Record number of planes grounded in desert

NEW figures reveal that a record total of almost 2,300 jet airliners are now parked. 1,167 of these aircraft were grounded last year, making 2008 the worst year for cutbacks since 2001.

According to data from Ascend, a global aerospace consultancy, more than 11 per cent of the global aircraft fleet of 20,293 is now in storage. Taking into account future decommissioning, that figure may even rise to match the 13 per cent reached at the end of 2001, following the 9/11 terrorist attacks on the US. Then, the global fleet comprised only 15,950 planes, so a similar share in 2009 could mean a total of some 3,000 idle airliners.

Chris Seymour, an Ascend consultant, said: “The aviation fleet data shows that at least 400 more aircraft are scheduled to be cut during 2009, with groundings being announced almost daily. This is having a negative effect on aircraft values and lease rates, although, as ever, this is creating opportunities for those who take advantage of the downcycle.”

North American carriers have announced fleet reductions totalling almost 800 aircraft since mid-2008, while European carriers have parked over 450 aircraft and Asia/Pacific airlines at least 230. The Middle East region has not been affected to the same degree however, with Emirates airline announcing a planned 14 per cent increase in capacity in 2009.

According to Seymour, the severe increase in aircraft groundings is a clear indication of drastic cost-cutting measures by airlines across the board as they adjust to the challenging global economic climate, consumer belt-tightening and reduction in cargo traffic.

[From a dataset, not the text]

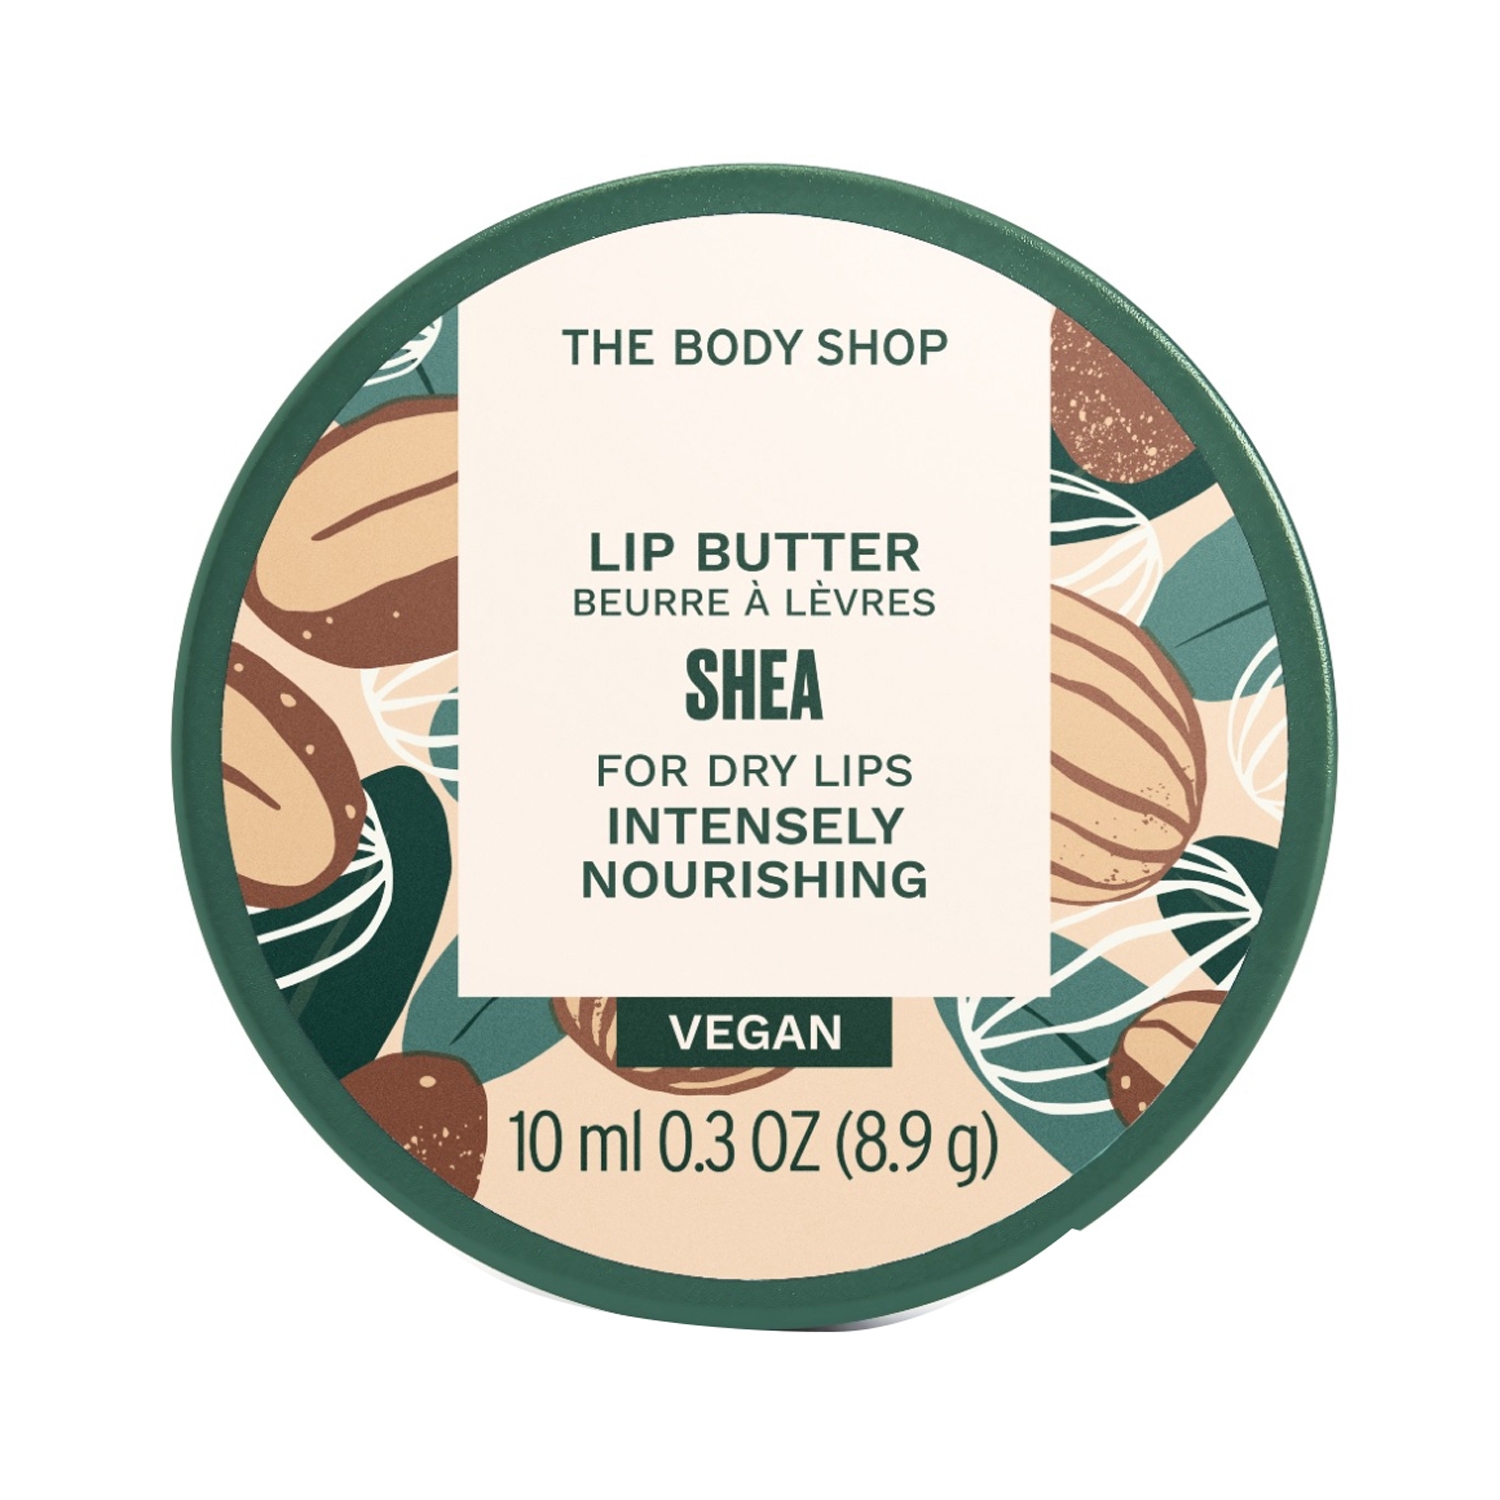 The Body Shop | The Body Shop Shea Lip Butter (10ml)

“Some reduction in capacity is typical over winter months as passenger traffic decreases. But this season’s fleet cuts were far more severe than those of the recent past.”

One benefactor of increased plane groundings is set to be the aviation storage business, based primarily in the Arizona and Californian deserts of America.

Aircraft boneyards are a good barometer of the state of the airline industry, Seymour says. “Generally speaking, the fuller the aircraft boneyards, the tougher the market conditions. Storage facilities are already filled with a surplus of older technology 727s, 737s and MD-80s, many of which will never fly again. However some younger aircraft and many of the 250 current generation aircraft will eventually be returned to service once the industry recovers.

“With new deliveries still likely to be around 1,000 this year, subject to financing, airlines also have to park older aircraft to avoid even more surplus capacity. The problems facing the financing community are serious and may only be alleviated by lower production rates in 2010 and for several years thereafter, as their main focus is on financing new aircraft.”